I'd lean towards disabling it afterwards - even though it is just one entropy source out of potentially many that add to the kernel entropy.

This ticket is arguing for "unprivilege" RDRAND. Not "disable" RDRAND. There might be a case for "disable" but I am not sure it's what you meant?

(Mixing even fully compromised entropy sources is considered secure in the current Linux kernel implementation. Though, D. J. Bernstein disagrees with that: https://blog.cr.yp.to/20140205-entropy.html)

I am not sure if one wanted to argue for "disable" that should be a separate ticket since it seems there is less resistance for "unprivilege", which would be progress, than for "disable".

poettering commented 3 years ago

Not sure why I was CC'ed here, but scanning this I just wanted to mention that this already exists:

https://www.freedesktop.org/software/systemd/man/kernel-command-line.html#systemd.random-seed=

3hhh commented 3 years ago

Mixing even fully compromised entropy sources is considered secure in the current Linux kernel implementation. Though, D. J. Bernstein disagrees with that: https://blog.cr.yp.to/20140205-entropy.html

Bernstein assumes that you have entropy sources that you trust and some that are less trustworthy.

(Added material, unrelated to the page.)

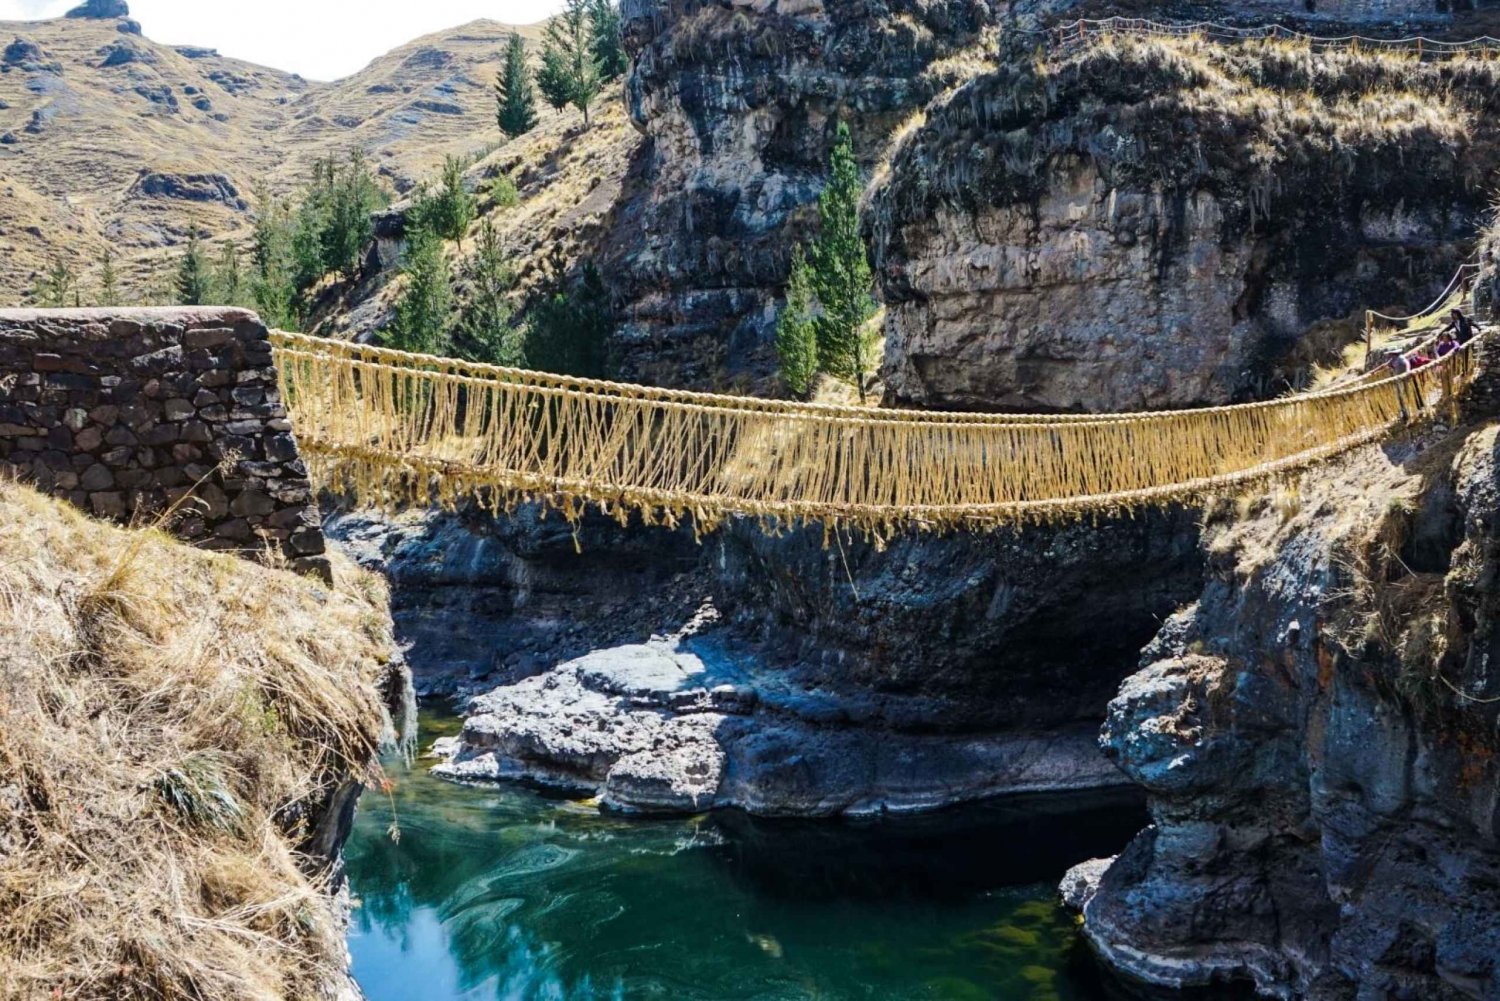 Full Day – Tour to the Inca Bridge of Qeswachaka
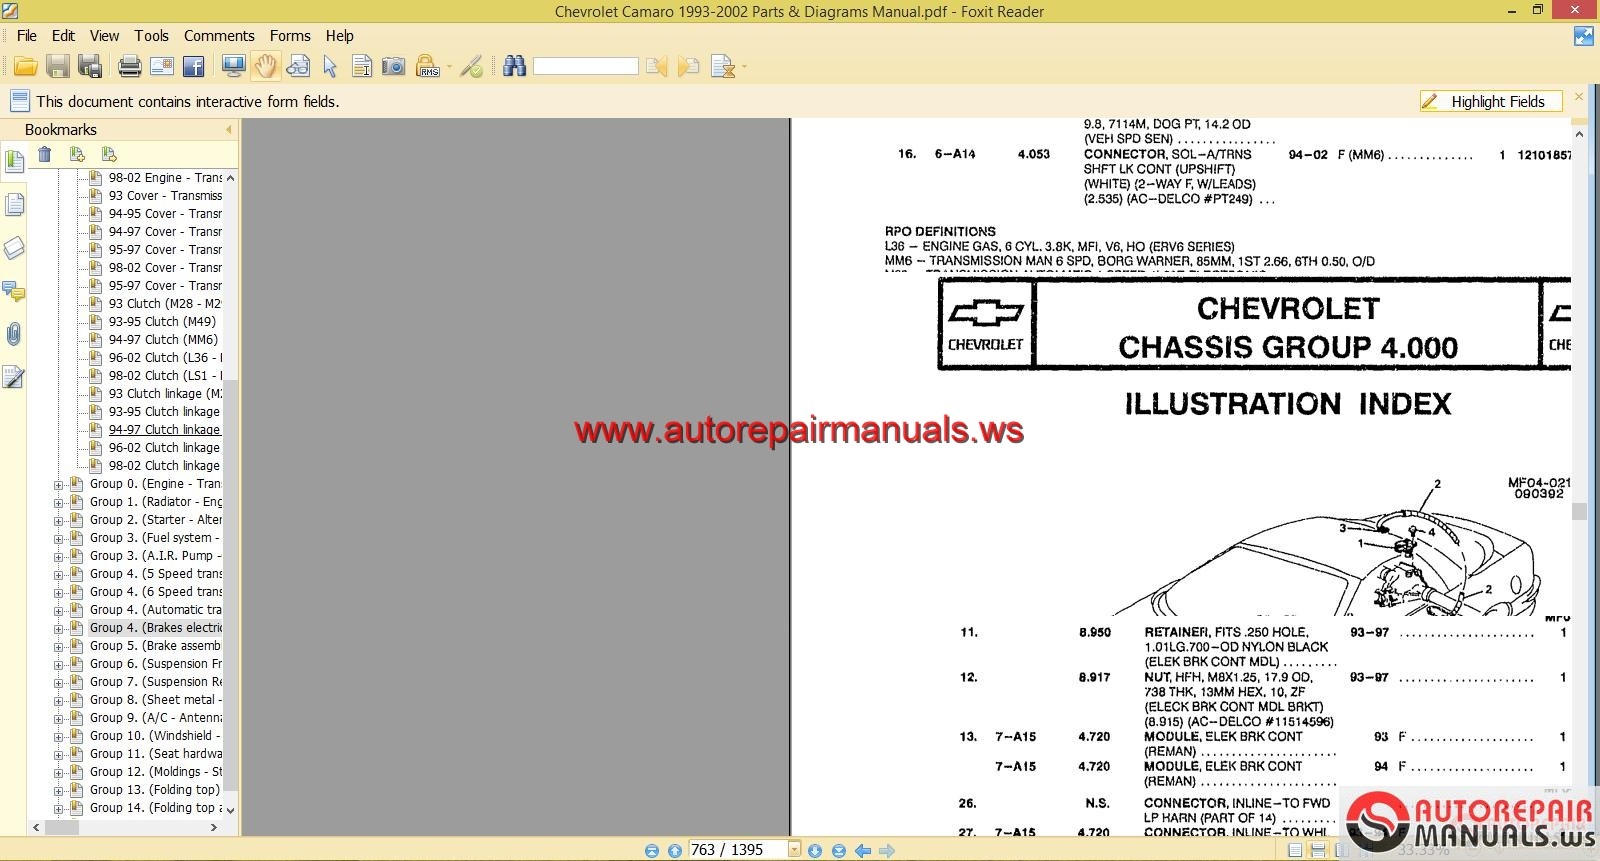 Chevrolet Camaro 1993-2002 Parts &amp; Diagrams Manual | Auto ...

If that's true, his statement on "stick with the single one you trust and ditch all other input" is correct (and you only need 256 bits or so exactly once).

However the Linux guys assume that you don't want to ultimately trust any of the entropy sources available to you (or are too uninformed to make the decision) and thus live with a few potential attacks.

I believe the latter is a more realisitic view atm (Linux runs on many "suboptimal" devices). If you build your own hardware RNG and use that, Bernstein's view is more accurate.